Once you’ve found these pelvic floor muscles and can hold and relax them, practice these pelvic floor exercises every day. Focus on relaxing the muscles. Once you feel comfortable doing the exercise, you don’t need to keep inserting your finger or the tampon and applicator. You can do the exercises in the shower, while you watch TV, or during lunch. Do them 2 times a day and make them part of your daily routine.

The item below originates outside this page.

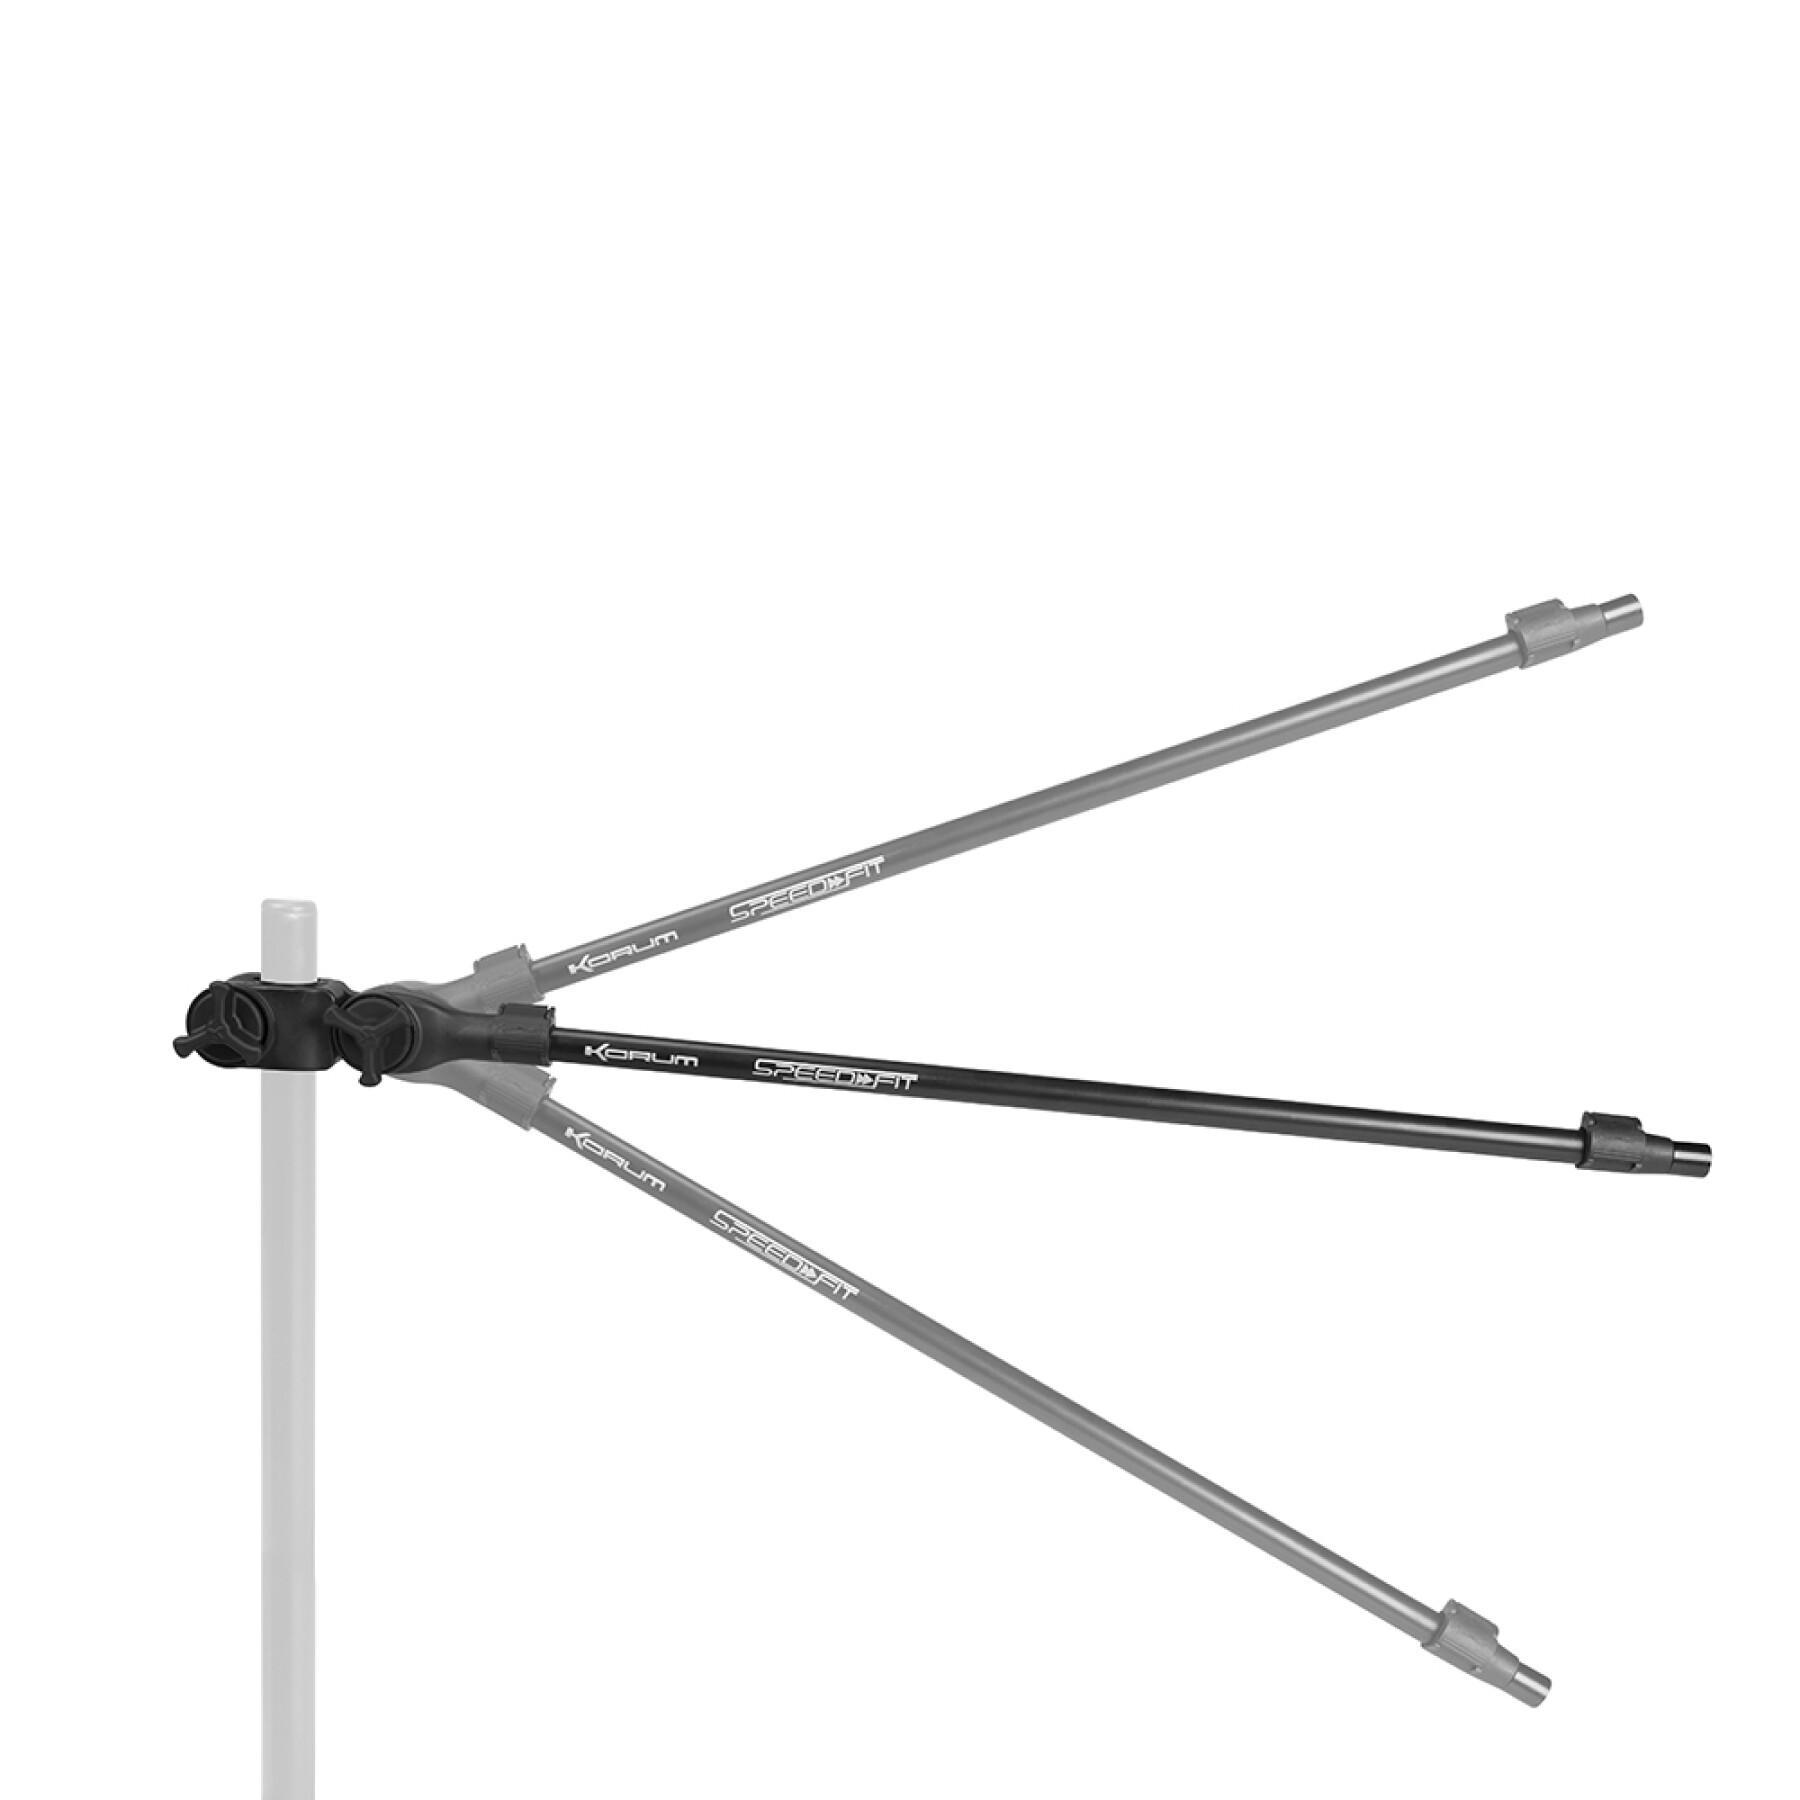 Telescopic feeder stand Korum Speed Fit Arm 1x2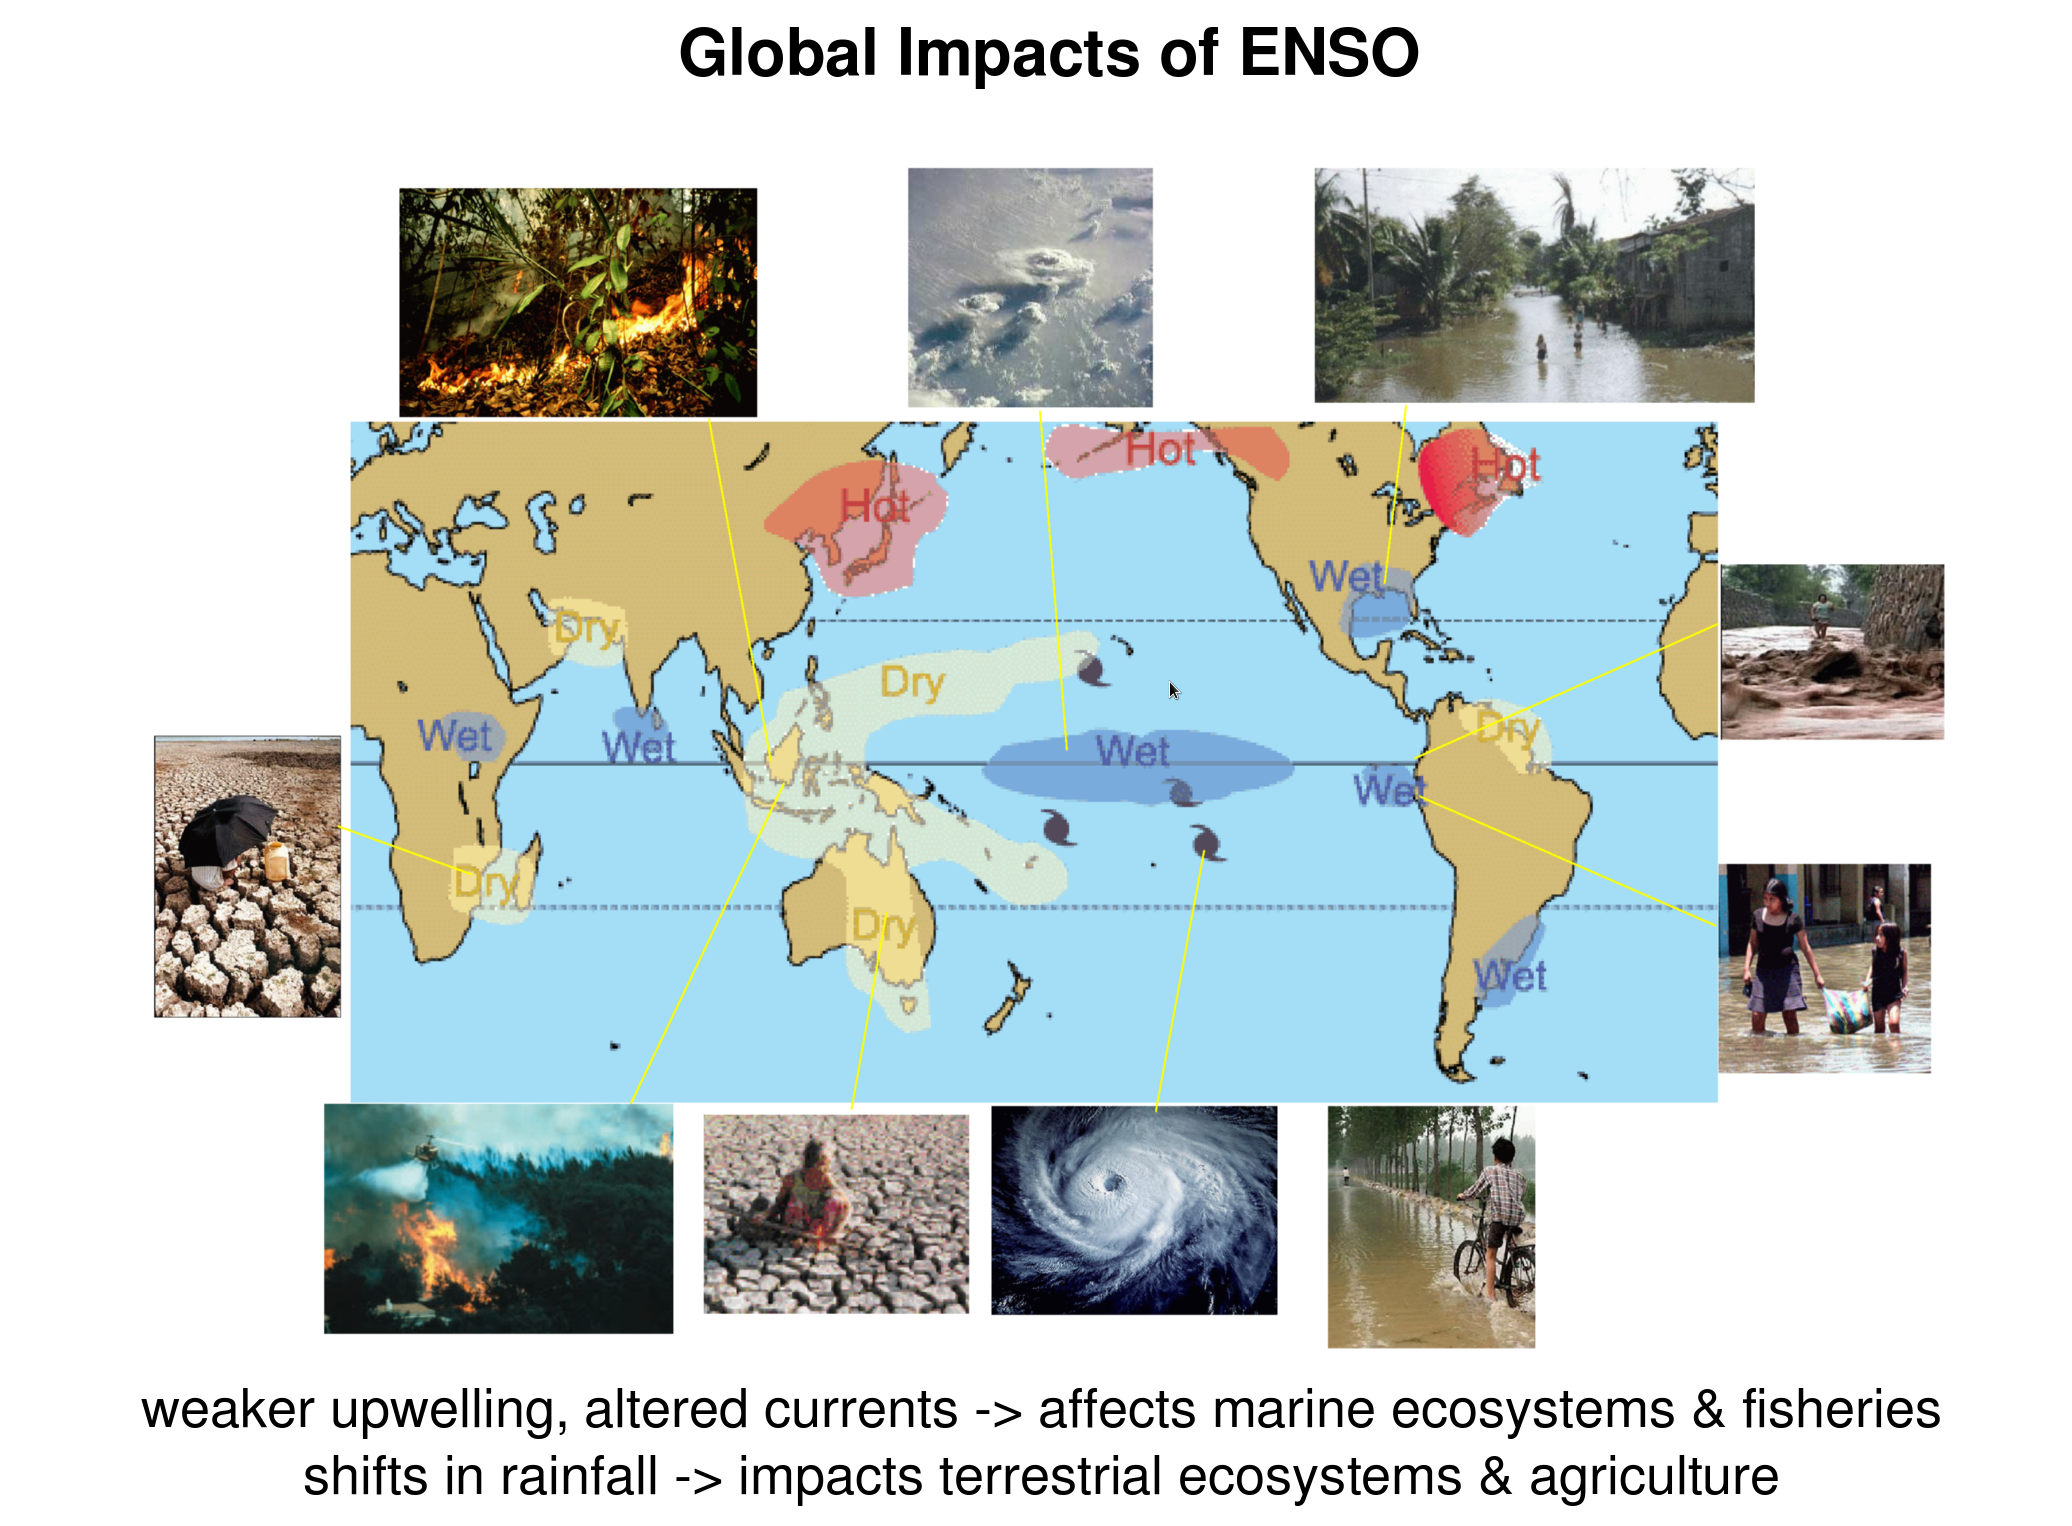 ENSO impacts

As you learn to feel the difference between tensing the muscles and relaxing them, you’ll notice the squeezing motion you can use to stop the flow of urine. Try to do this same squeeze when you aren’t passing urine, like when you are sitting or lying comfortably. Can you feel a tensing at the opening of your vagina? Even after the uterus is removed (hysterectomy) or other pelvic surgery, most people can still control their pelvic floor muscles.​

Some clinicians and researchers believe that these exercises make the pelvic floor muscles stronger. Stronger muscles may help you reach orgasm more easily. They can also make sex better by making you more aware of good feelings in your vagina and genital area. If you’re able to have full vaginal penetration without tightness or pain, you might want to try tightening and relaxing your pelvic floor muscles during intercourse.